Чарльз и его дамы пришли в обреченное здание на концерт. Разумеется, светская музыка на этом концерте не исполнялась — был Великий пост, и ничто не нарушало религиозной монотонности программы. Но даже и она шокировала наиболее узколобых жителей Лайма, которые, по крайней мере публично, соблюдали Великий пост столь же неукоснительно, сколь правоверные мусульмане соблюдают Рамадан.[131] Поэтому перед окаймленным папоротниками возвышением в конце главной залы, где давали концерты, оставалось несколько пустых кресел.
Наша высоколобая троица явилась задолго до начала, как и большая часть публики, ибо на этих концертах — в истинном духе XVIII века — все наслаждались не только музыкой, но и приятной компанией. Они предоставляли дамам великолепную возможность оценить и обсудить наряды своих ближних и, разумеется, похвастать своими собственными. Даже Эрнестина при всем своем презрении к провинции пала жертвой суетности. Здесь по крайней мере лишь немногие будут в состоянии соперничать с нею по части вкуса и роскоши ее туалетов, и взгляды, которые другие дамы украдкой бросали на ее плоскую шляпку (не напяливать же ей эти старомодные махины с перьями!) с белым бантиком в форме трилистника, на платье светло-зеленого «цвета надежды», на черную с сиреневым отливом мантилью и модные башмачки на шнурках, приятно возмещали скуку, которую ей приходилось терпеть в остальных случаях.

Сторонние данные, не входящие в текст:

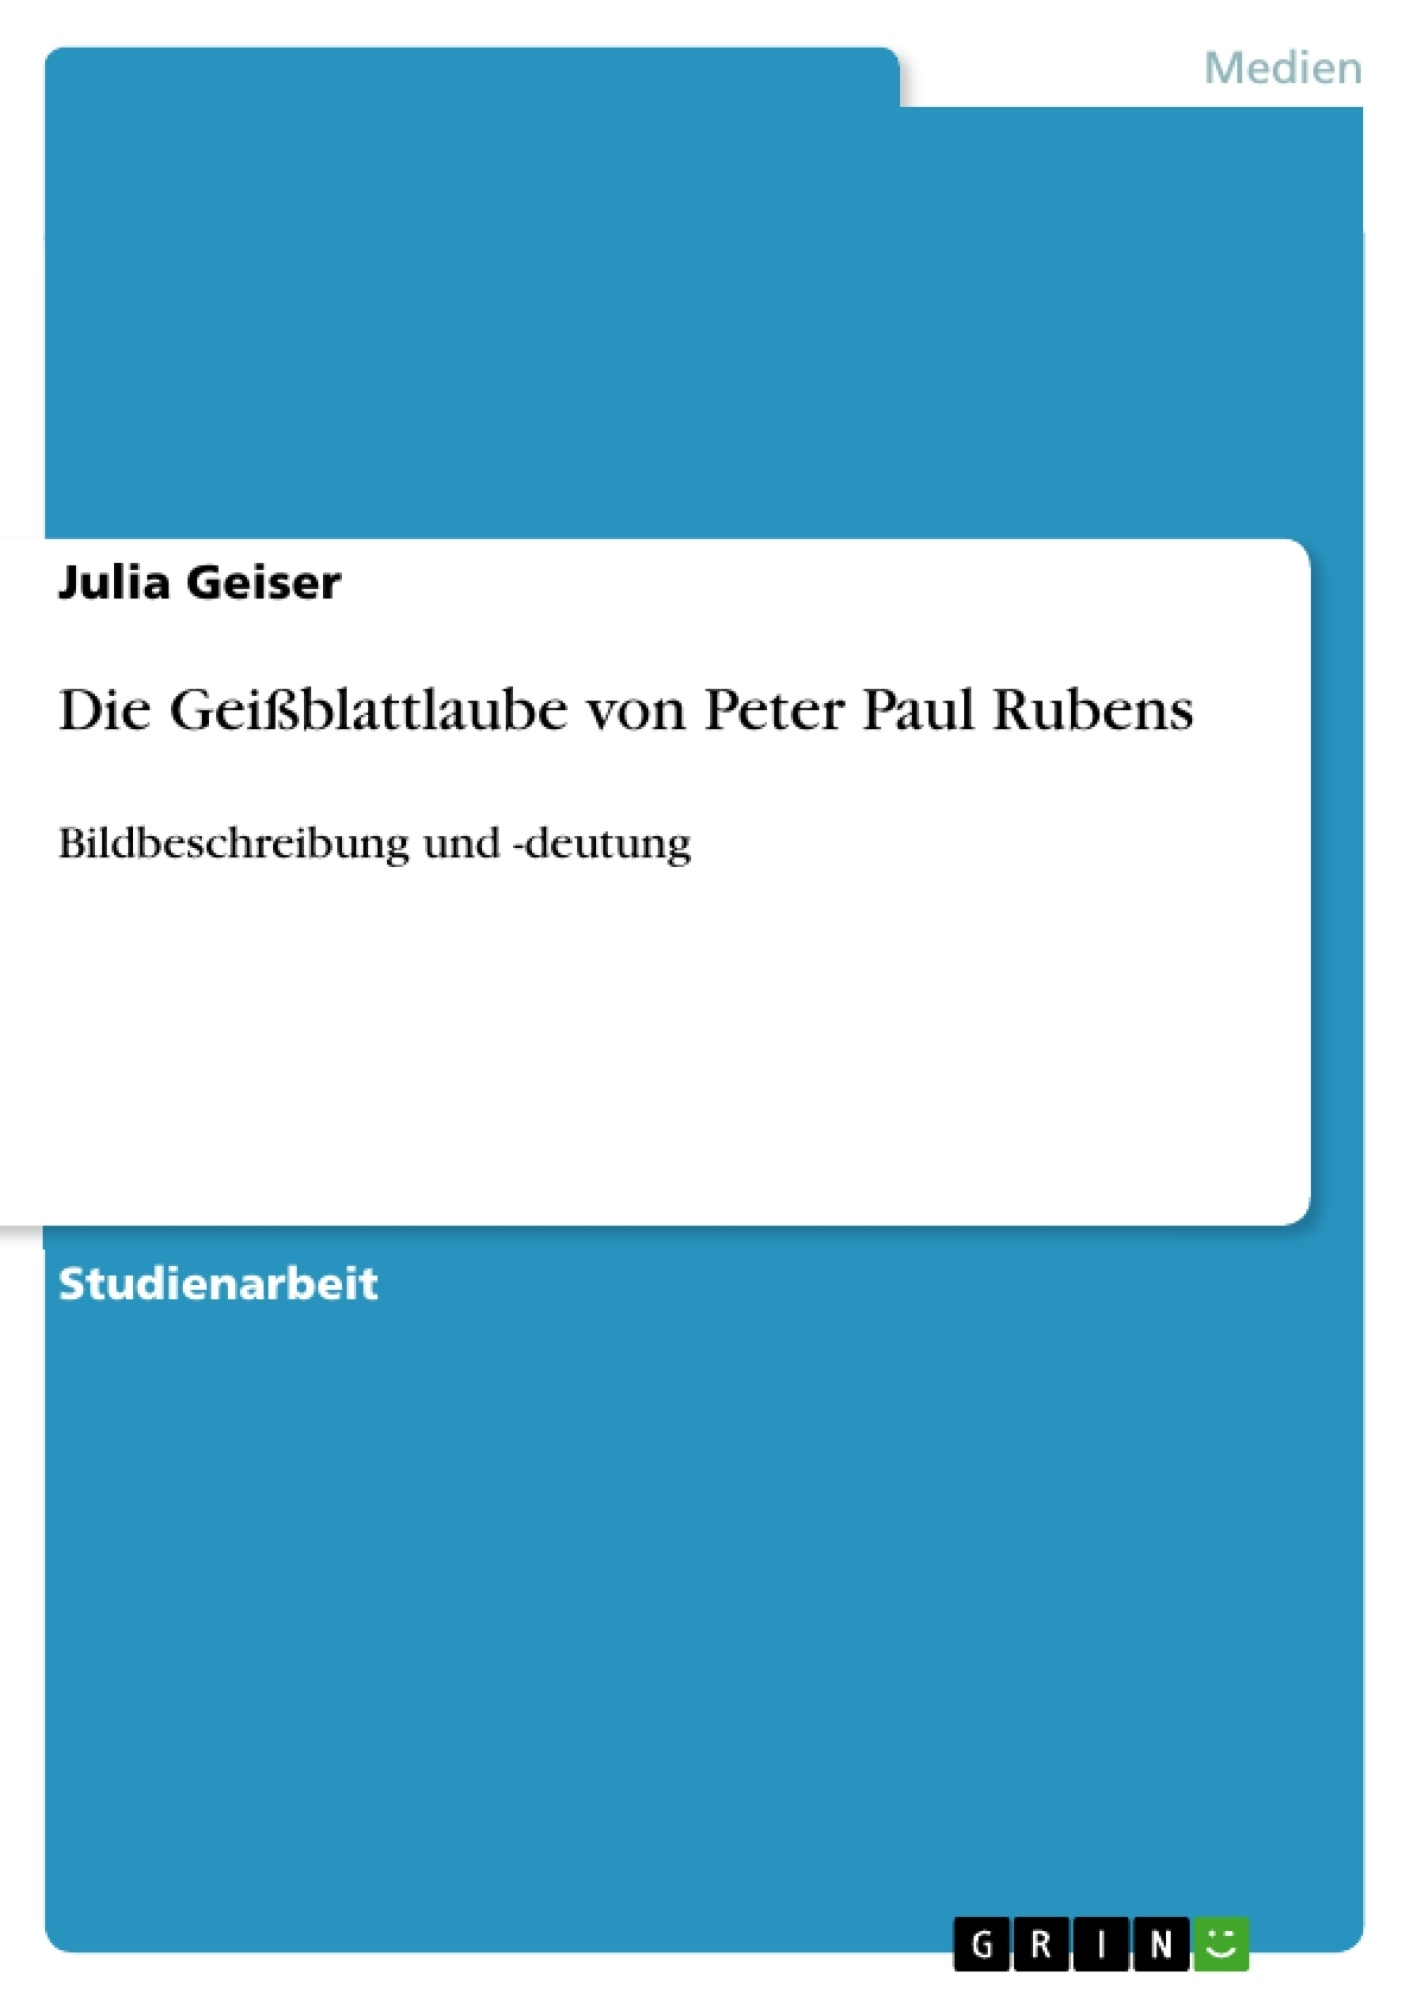 Titel: Die Geißblattlaube von Peter Paul Rubens

В этот вечер в нее вселился какой-то проказливый чертенок. Как только порог залы переступало новое лицо, Чарльзу приходилось одним ухом выслушивать комментарии миссис Трэнтер: местоположение резиденции, родственники, предки, а другим — ехидные Эрнестинины замечания sotto voce.[132] Бульдогоподобная дама, как он узнал от тетки — некая миссис Томкинс, добрейшая душа, дом над Элм-хаусом, сын в Индии, слегка туга на ухо; тогда как голос племянницы кратко, но выразительно изрек: «Настоящая мокрая курица». Если верить Эрнестине, в зале было значительно больше мокрых куриц, чем людей, которые, коротая время в сплетнях, терпеливо и благодушно ожидали начала концерта. Каждое десятилетие изобретает такое полезное существительное с эпитетом: в шестидесятые годы прошлого века выражение «мокрая курица» означало все смертельно скучное и старомодное, сегодня Эрнестина назвала бы этих почтенных меломанов «старыми занудами»… что как нельзя более удачно характеризовало вышеупомянутую миссис Томкинс.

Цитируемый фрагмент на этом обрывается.